Genau das hat manche aber auch beängstigt und wahrscheinlich zu ihrem Ruf als «Hexe» beigetragen. Als wir zum ersten Mal bei dir zu Besuch waren, um mehr über Paula Roth zu erfahren, war mein Eindruck, dass sie in deiner Wohnung fast spürbar ist. Überall hängen Bilder von ihr, Fotos, Briefe. Ist sie für dich heute noch präsent?
Ja, bei mir kann sie ja weiterleben, in diesem Museum. Ich weiss halt nicht, ob sie Ruhe gefunden hat. Aber Aufmerksamkeit hat sie immer genossen. Sie wollte gerne, dass man ein Buch über sie schreibt. Sie hat ja auch ihre Lebensgeschichte auf Kassetten gesprochen, die man bei ihr kaufen konnte. Und ein Theaterstück hätte ihr sicher auch gefallen. Sie hat ja selbst Theater gespielt in jungen Jahren. Aber es könnte auch passieren, dass sie euch reinfunkt. Das ist passiert, als vor einigen Jahren eine andere Theatergruppe ein Stück über sie gemacht hat. Da ist ständig etwas umgefallen. Oder bei den Solothurner Filmtagen, als zum ersten Mal der Film von Kuno Bont über sie gelaufen ist. Der Film ist etwa zehn Minuten gelaufen, dann sind wir alle im Dunklen gesessen. Stromausfall. Das war typisch, das passt. Da hat sie sicher Freude gehabt, so wie sie immer Freude hatte, den Menschen Streiche zu spielen.

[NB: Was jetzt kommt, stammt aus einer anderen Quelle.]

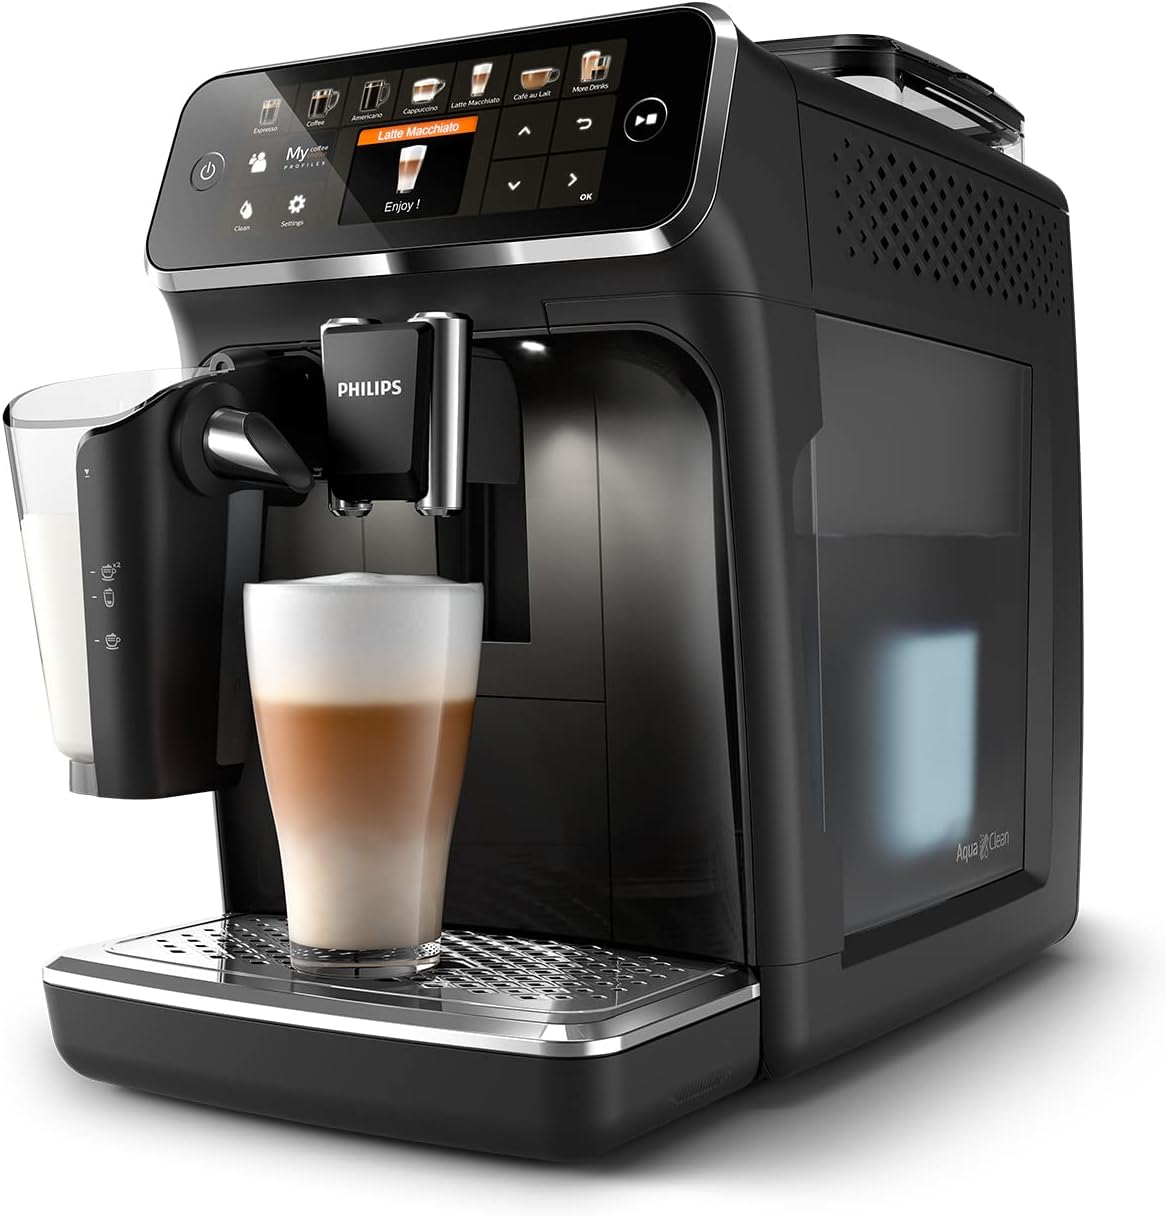 chollo Philips Serie 5400 Cafetera Superautomática - Sistema de Leche LatteGo, 12 Variedades de Café, Pantalla Intuitiva, 4 Perfiles de Usuario, Negro (EP5441/50)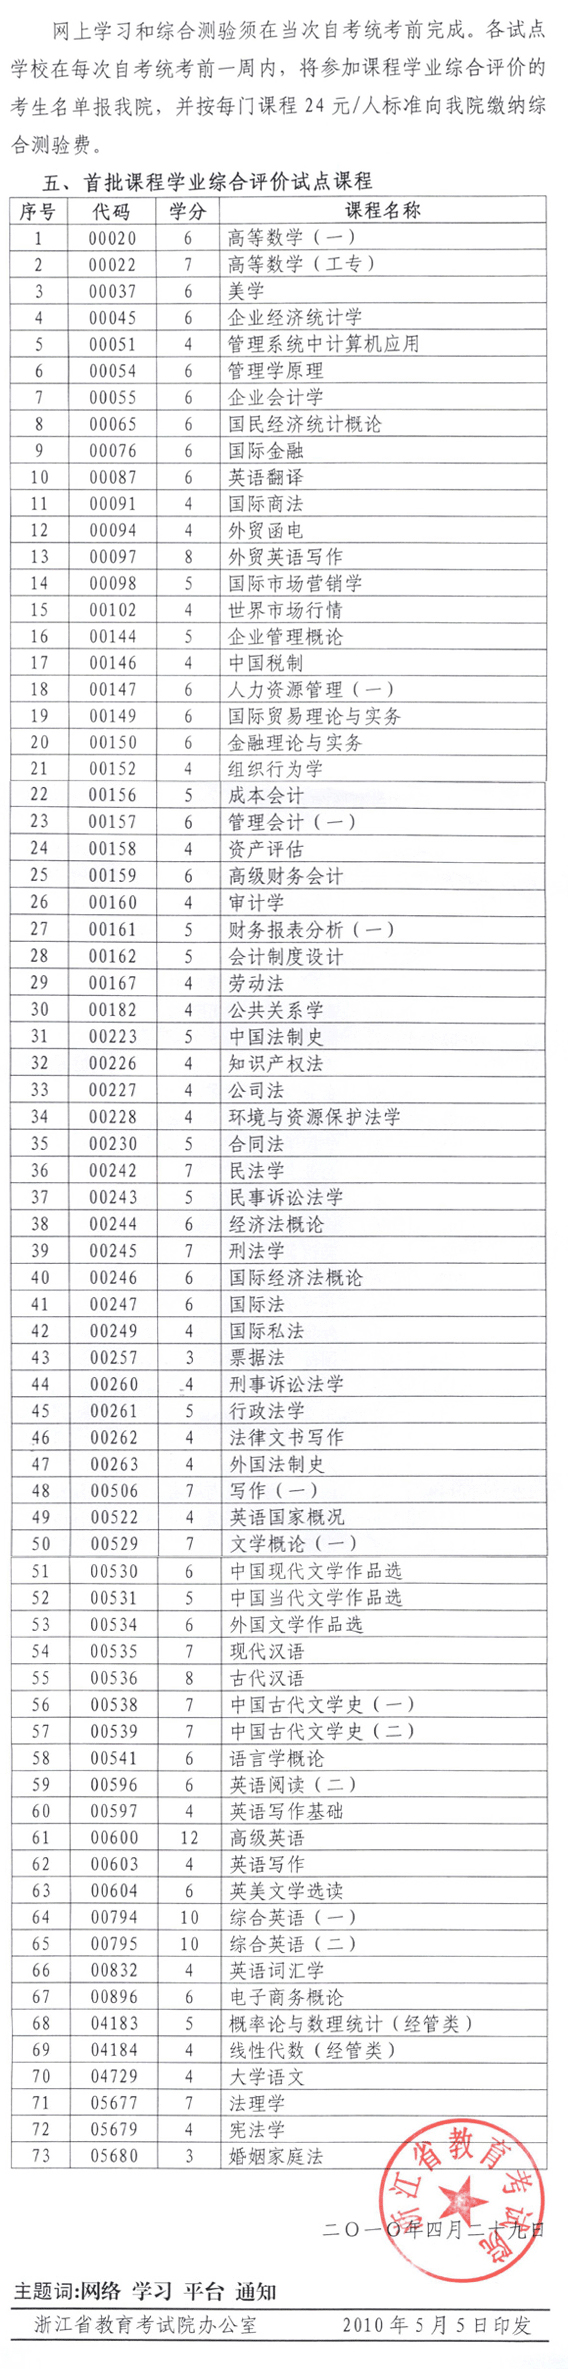 浙江省建立自学考试网络助学平台的通知2

Dann dürfen wir ja sehr gespannt sein, was in unserer Probezeit so alles passieren wird. Ich danke euch sehr für dieses Gespräch.
Das Gespräch führte Anja Horst
Was ich noch kurz anmerken möchte. Als ich dieses Gespräch in meiner Küche abtippte, ist plötzlich das Küchenlicht angegangen. Einen Schalter habe ich nicht betätigt. Vielleicht lässt Paula grüssen?